Age of Onset Changes the Genetic Picture
The younger someone is when Parkinson’s symptoms appear, the more likely a genetic mutation is involved. A large study of 953 patients diagnosed before age 51 found that 16.6 percent carried a known mutation. But within that group, the numbers varied dramatically by age:
- Diagnosed before age 20: 65 percent had a known genetic mutation
- Ages 21 to 30: 32 percent
- Ages 31 to 40: 16 percent
- Ages 41 to 50: 14 percent
For the typical Parkinson’s patient diagnosed after 60, the probability of carrying a single causative mutation is much lower. This is one reason genetic testing is most often recommended for people with early-onset disease, particularly those diagnosed before 50.
Genes and Environment Work Together
For most people, Parkinson’s isn’t a purely genetic disease or a purely environmental one. It’s both. Pesticide exposure is one of the best-studied environmental triggers, and research shows it can interact directly with genetic vulnerability. People who carry certain gene variants involved in detoxifying chemicals in the brain may be more sensitive to herbicide exposure, potentially influencing when symptoms first appear.
The LRRK2 G2019S mutation, for example, changes how certain protective genes are activated in brain cells, potentially making dopamine-producing neurons more vulnerable to environmental toxins like pesticides. This could help explain why some carriers of the mutation develop Parkinson’s and others don’t: differences in lifetime chemical exposure may tip the balance.
Animal studies have shown that exposure to pesticides like rotenone, paraquat, and dieldrin can alter the chemical “switches” that control gene activity in dopamine-producing neurons.
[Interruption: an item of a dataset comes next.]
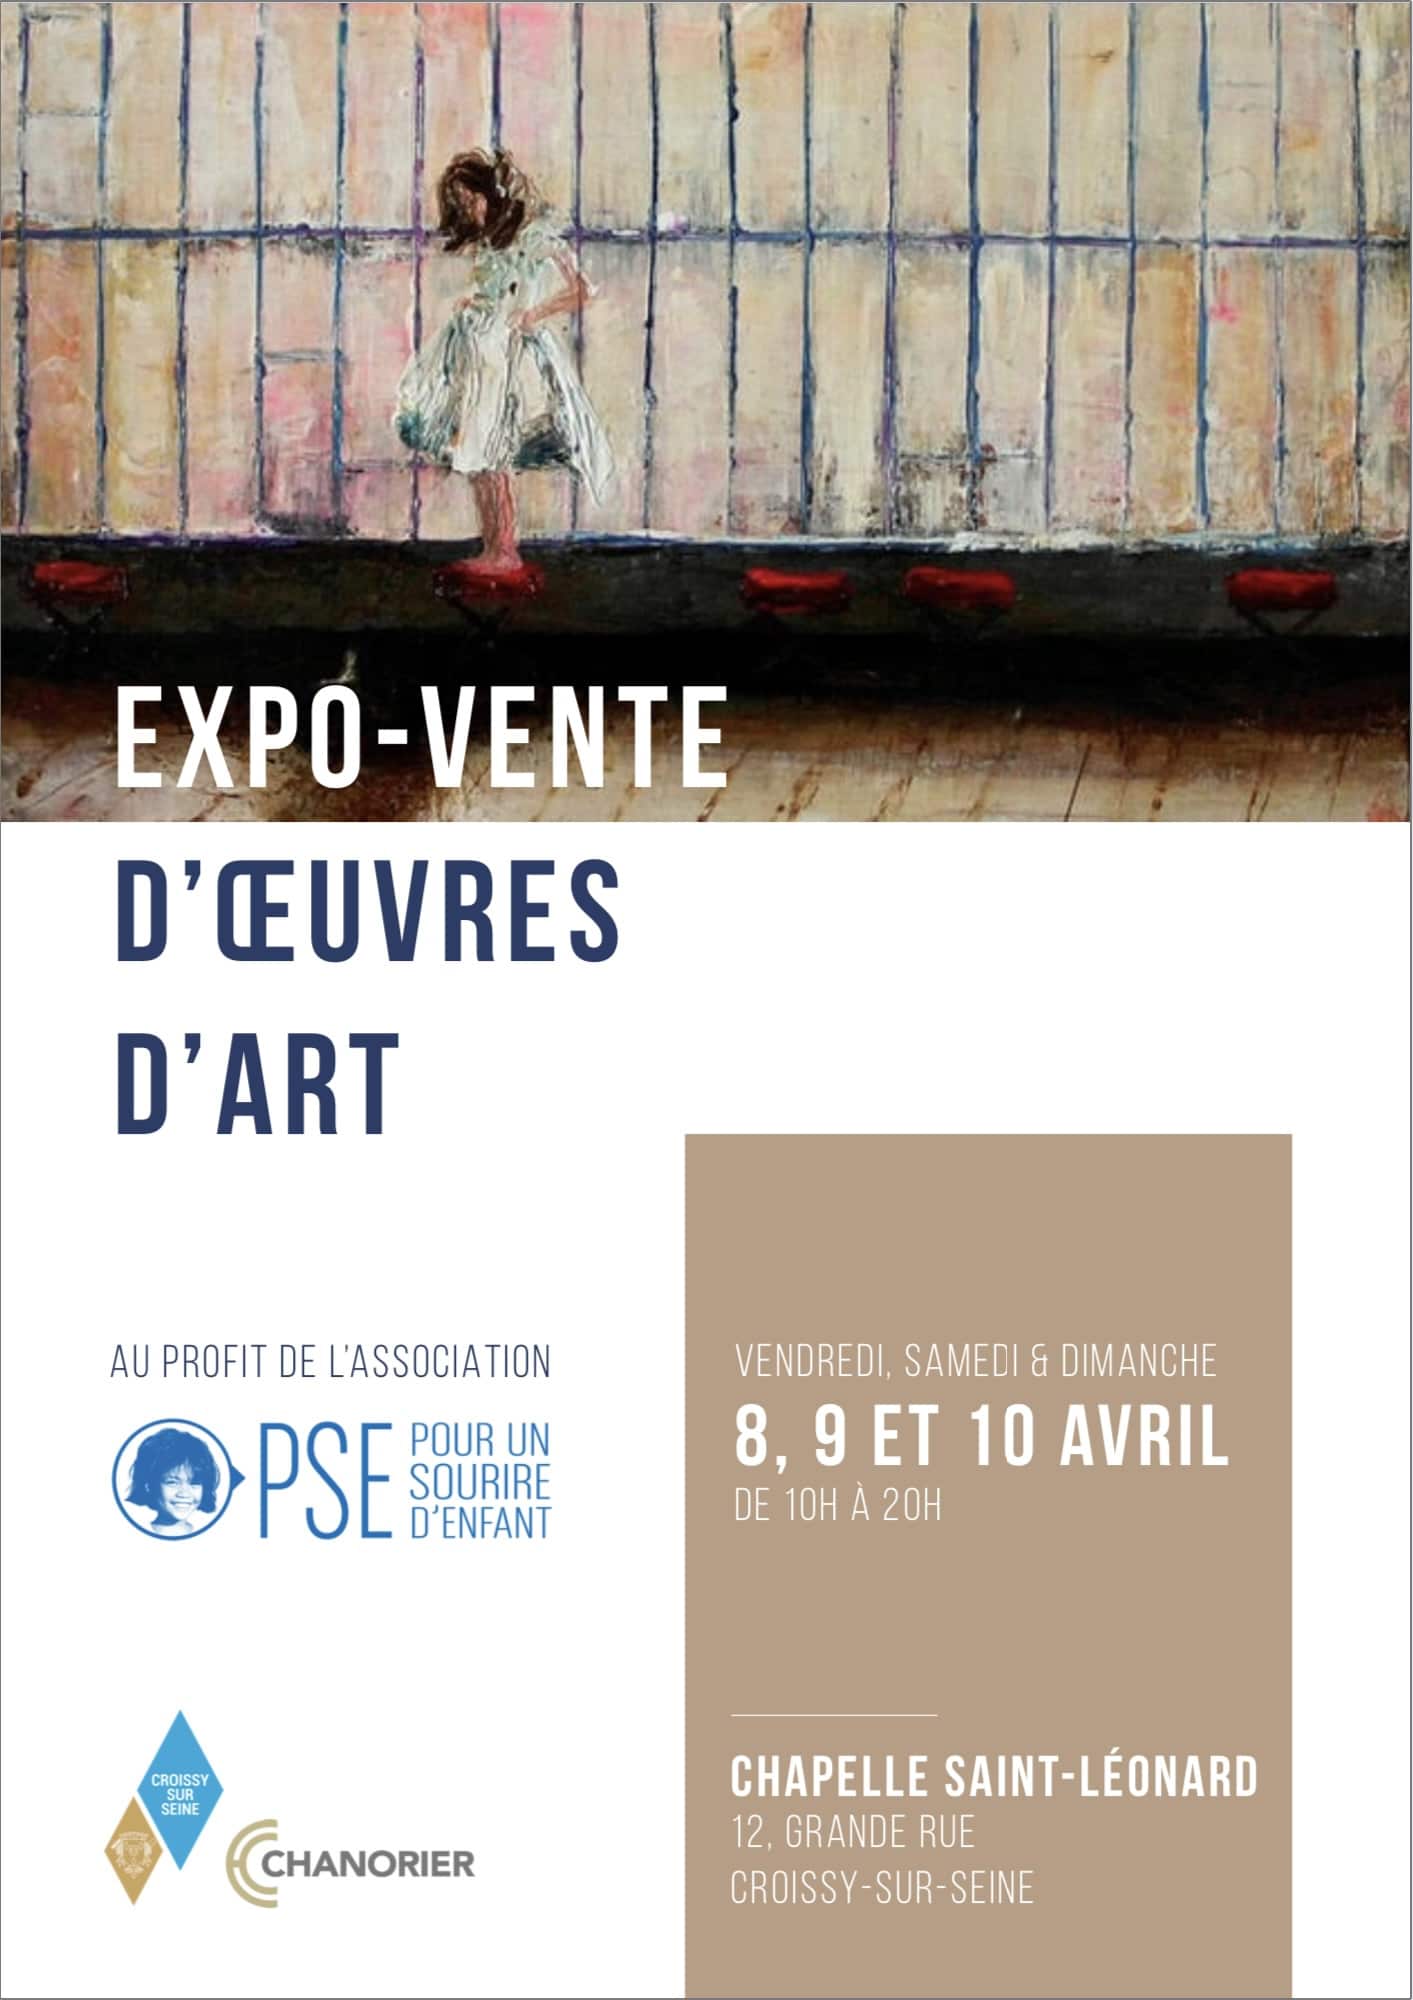 Expo Vente Oeuvres d art Croissy sur Seine Paris Ouest

Early-life pesticide exposure in animal models even produced changes in genes critical for maintaining those neurons, and some of these changes carried over to offspring, suggesting environmental exposures in one generation could subtly affect the next.
Who Should Consider Genetic Testing
Genetic testing for Parkinson’s is not routine for every patient. European clinical guidelines recommend it on a case-by-case basis, weighing family history and age of onset. In general, testing is most useful for:
- People diagnosed before age 50, whether or not they have a family history
- People with multiple affected relatives across more than one generation
- People of Ashkenazi Jewish or North African Berber descent, where specific founder mutations are much more common
For someone diagnosed after 60 with no family history, testing is less likely to find a clear genetic cause. The most commonly tested genes include LRRK2 and GBA for typical late-onset cases, and a group of recessive genes (PRKN, PINK1, and DJ-1) for early-onset patients, since mutations in these require copies from both parents and tend to cause disease at younger ages.
If you’re an unaffected relative of someone with Parkinson’s, current guidelines generally offer reassurance. Because the most common genetic risk factors (GBA and LRRK2) have low penetrance, most carriers will not develop the disease. Genetic counseling can help you interpret results and weigh whether testing is worthwhile for your situation, especially since a positive result carries psychological weight but limited options for prevention at this point.